Areas for Improvement
Enhanced Navigation Strategies
- Better handling of dynamic content
- Support for more complex interaction patterns
- Improved SPA navigation detection
Vision Capabilities
- Better element recognition
- Support for more complex visual patterns
- Improved decision making based on visual context
Error Handling
- More robust recovery strategies
- Better handling of timeouts and failures
- Improved logging and debugging capabilities
Performance Optimization
- Reduce memory usage
- Improve screenshot handling
- Better resource cleanup
How to Contribute
Fork the Repository
git clone https://github.com/GPT-Protocol/airas-agent.git cd airas-agent
Install Dependencies
npm install
If you encounter peer dependency issues during installation, you can use the legacy peer deps flag:
npm install --legacy-peer-deps
This may be necessary due to some packages having strict peer dependency requirements.
Create a Branch
git checkout -b feature/your-feature-name
Make Your Changes
- Write clean, commented code
- Follow existing code style
- Add tests if possible
- Update documentation as needed
Test Your Changes
npm run dev
Submit a Pull Request
- Provide a clear description of your changes
- Link any related issues
- Include screenshots if relevant
Development Guidelines
Code Style
- Use TypeScript
- Follow existing patterns
- Add appropriate comments
- Use meaningful variable names
Testing
- Test with different websites
- Verify error handling
- Check edge cases
- Document any limitations
Documentation
- Update README if needed
- Document new features
- Add inline comments
- Update configuration examples
Project Status
This is an experimental project in its early stages.
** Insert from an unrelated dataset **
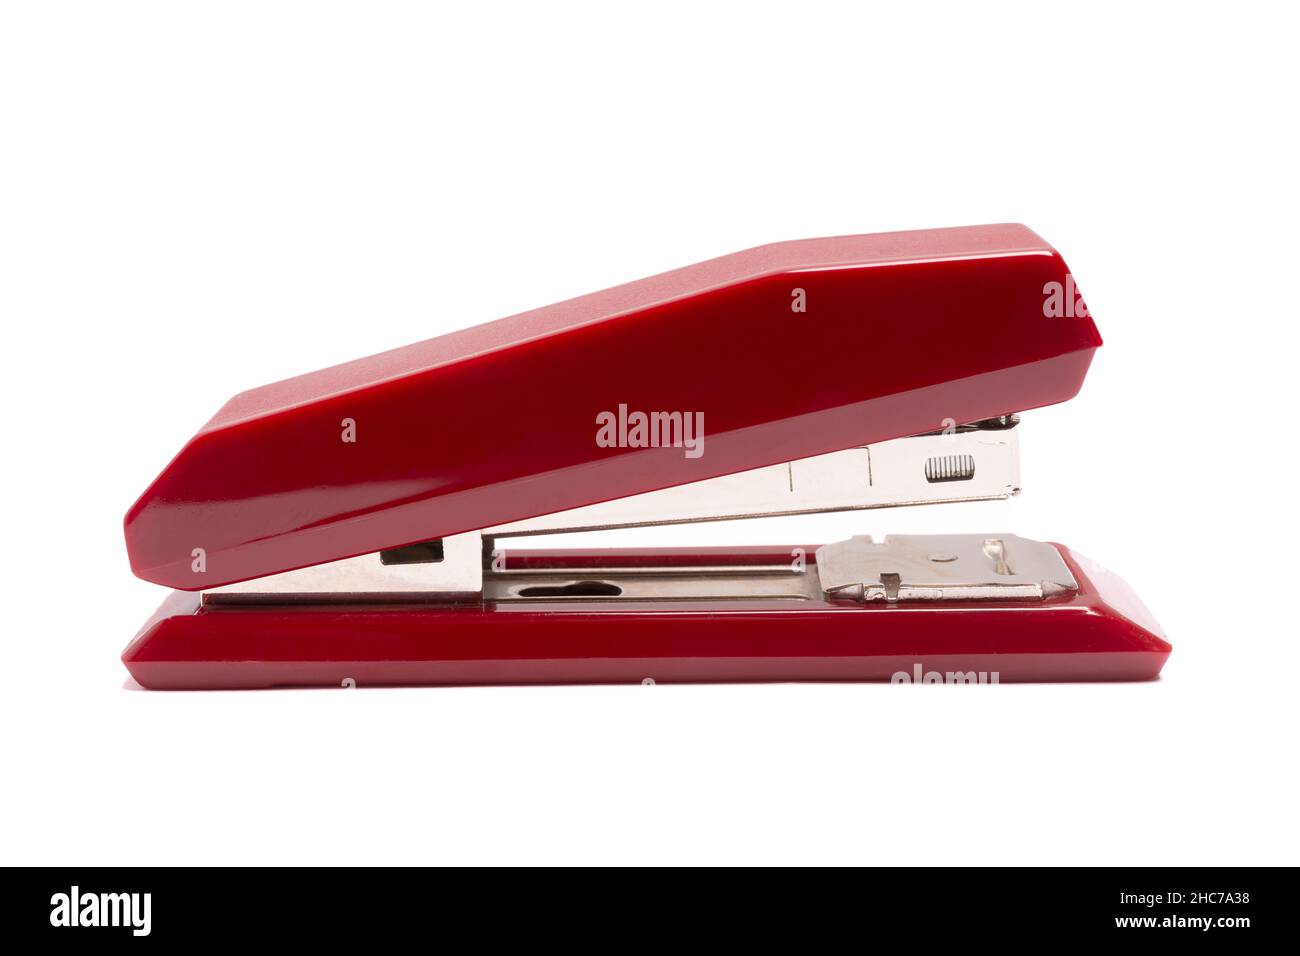 Red stapler isolated on white Stock Photo
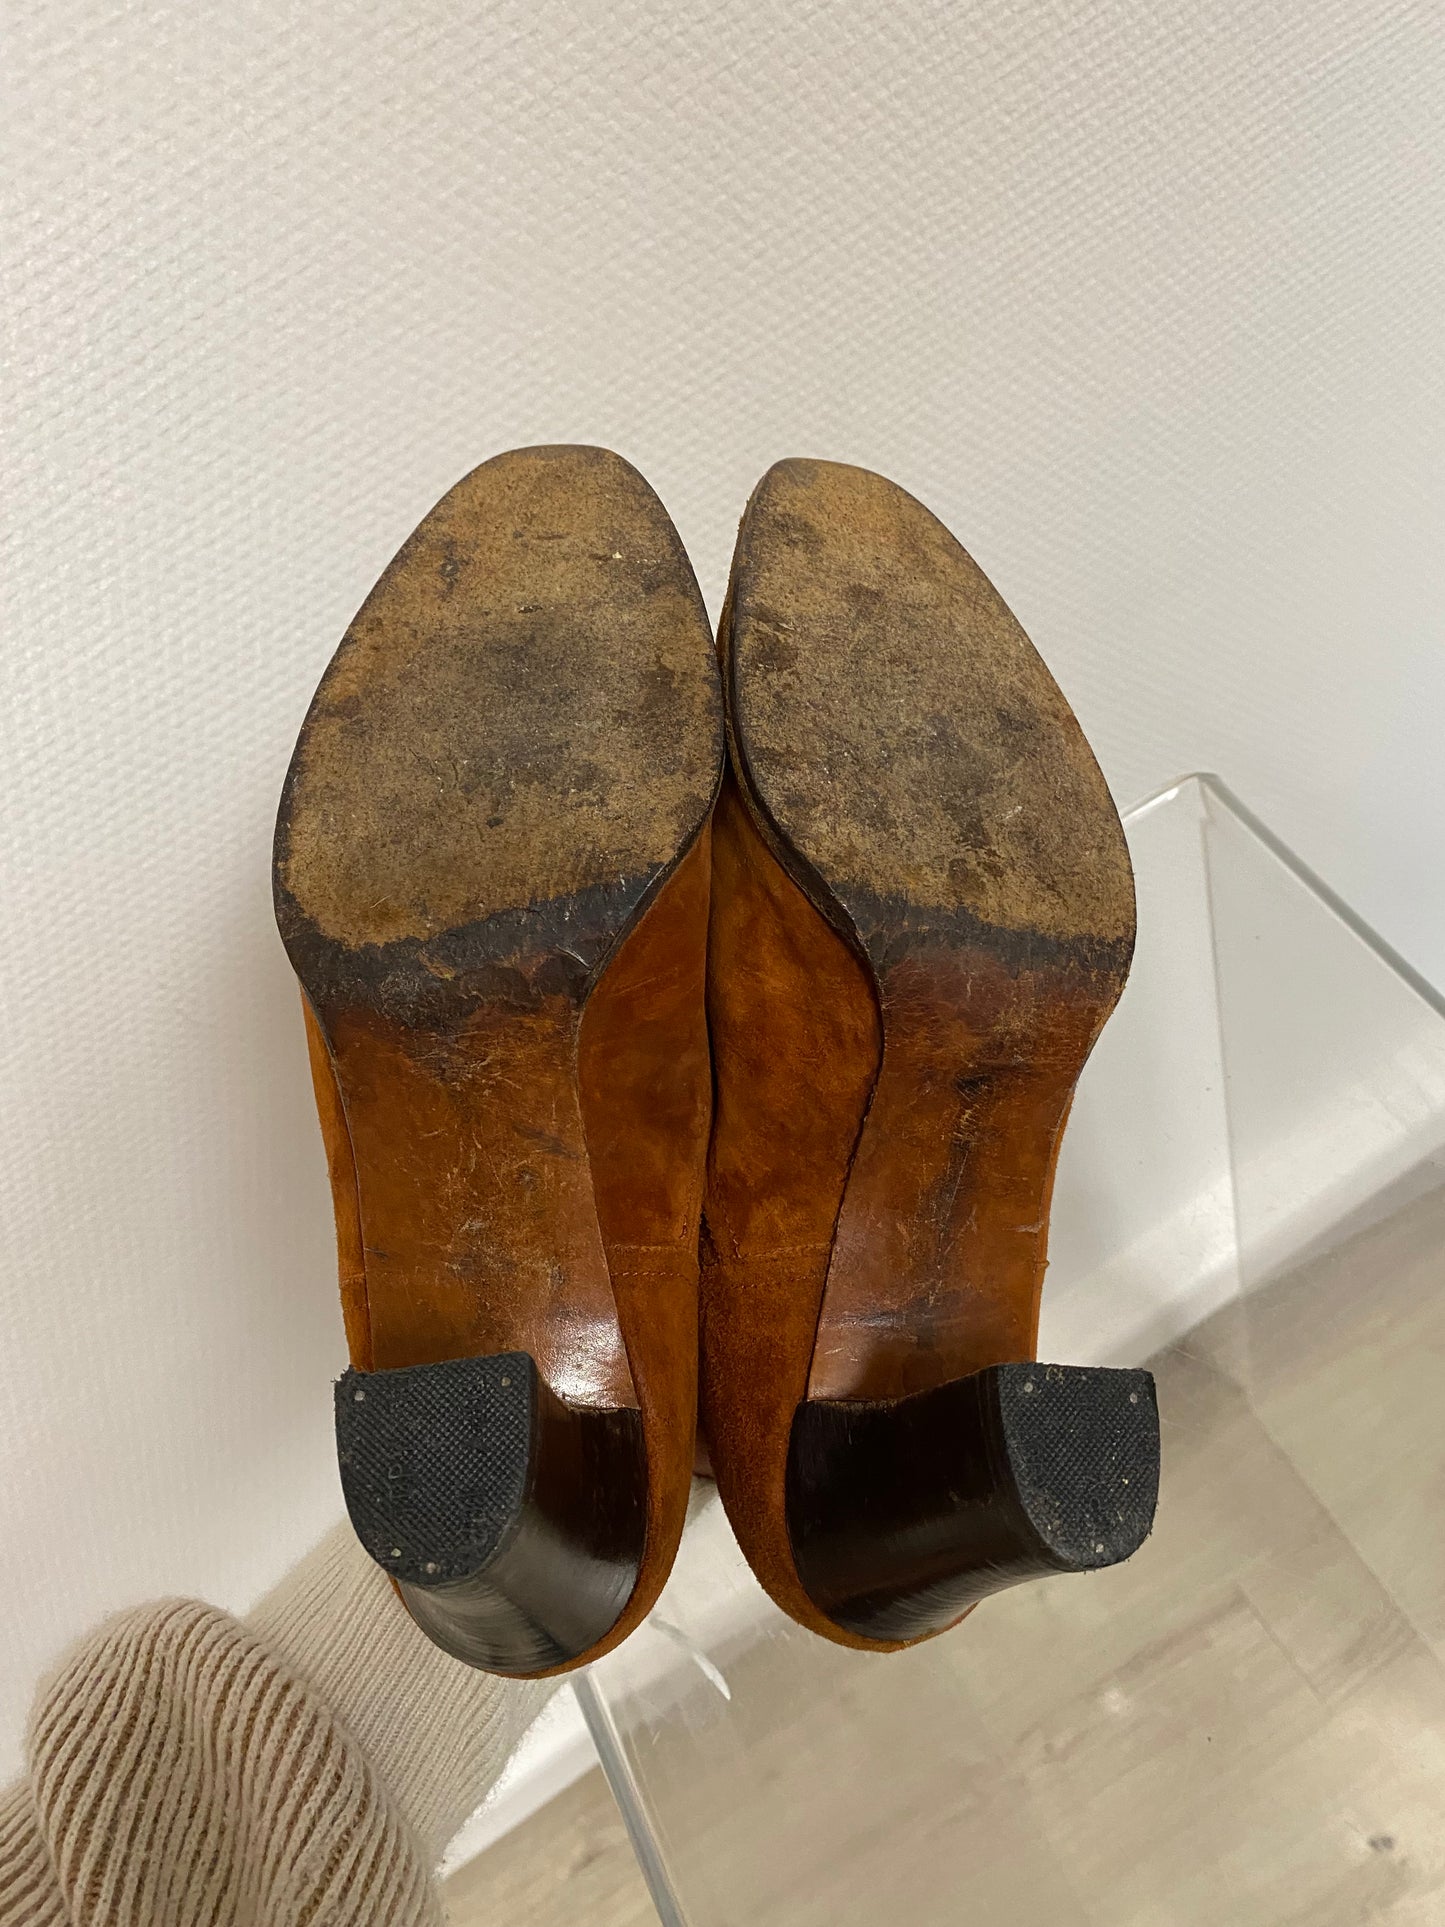 Chaussure en daim Yves Saint Laurent

The current implementation provides basic autonomous web navigation capabilities, but there's significant room for improvement. We're releasing it in this state to:
- Gather community feedback
- Identify key areas for improvement
- Allow early adopters to experiment and contribute
- Build a foundation for more advanced features
If you're interested in contributing or have ideas for improvements, please:
- Open an issue to discuss your ideas
- Submit pull requests with improvements
- Share your use cases and feedback
- Join the discussion in GitHub issues
Future Plans
With sufficient community interest, we plan to add:
- More sophisticated navigation strategies
- Better visual understanding capabilities
- Additional browser automation features
- Improved error recovery
- Better performance and reliability
- Extended documentation and examples
Your contributions and feedback are welcome and appreciated!